14 Le troisième cercle enfin, celui de la gémellité proprement romaine, montre comment ce
modèle indo-européen fut adapté sur les bords du Tibre : là, le réalisme ambiant a fait
tomber dans l’histoire des origines de Rome un schéma que d’autres traditions indo-
européennes appliquent souvent (mais pas exclusivement) à des dieux. De plus, les rôles
se sont inversés et c’est Romulus (le jumeau au cheval) qui survit à Rémus (le jumeau au
bœuf).
15 Une précision encore. La gémellité on l’a dit, surprend invariablement le milieu où elle
apparaît.

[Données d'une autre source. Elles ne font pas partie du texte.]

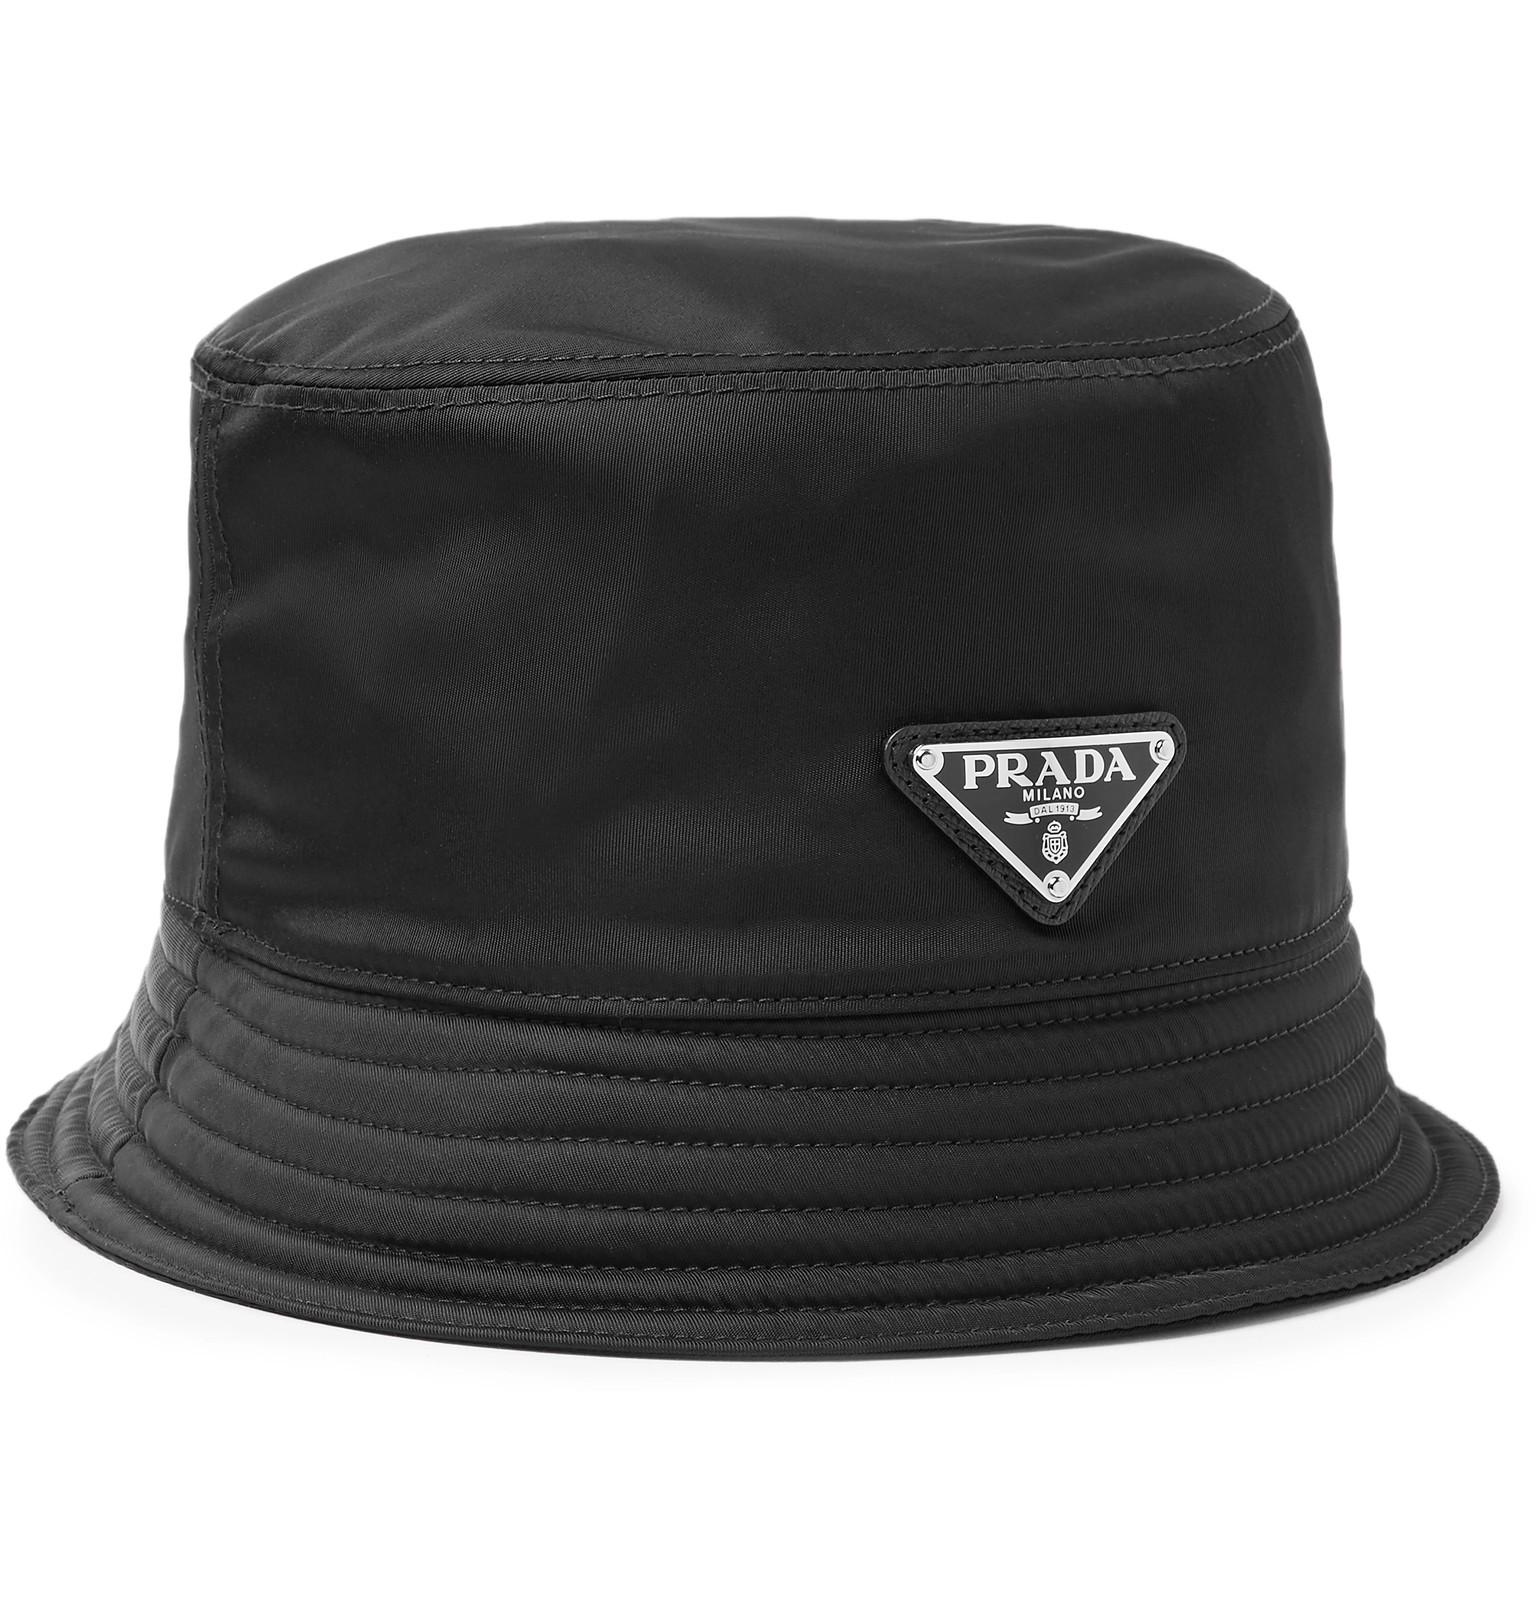 Prada - Logo-Appliquéd Nylon Bucket Hat 6be141369b9

Ce signe d’exception contribue aussi à distinguer du commun des mortels des
êtres promis à un grand avenir : ancêtre d’une nation, fondateur de cité ou promoteur
d'une technique spécifique. À ce titre, il s’intègre parfaitement dans ce qu’on appelle
communément la geste du héros. Et ce sont justement les attaches qui lient la gémellité
légendaire, mythique ou cultu(r)elle aux mythes de fondation et, par delà ceux-ci, aux
sphères du pouvoir dont nous nous préoccuperons maintenant.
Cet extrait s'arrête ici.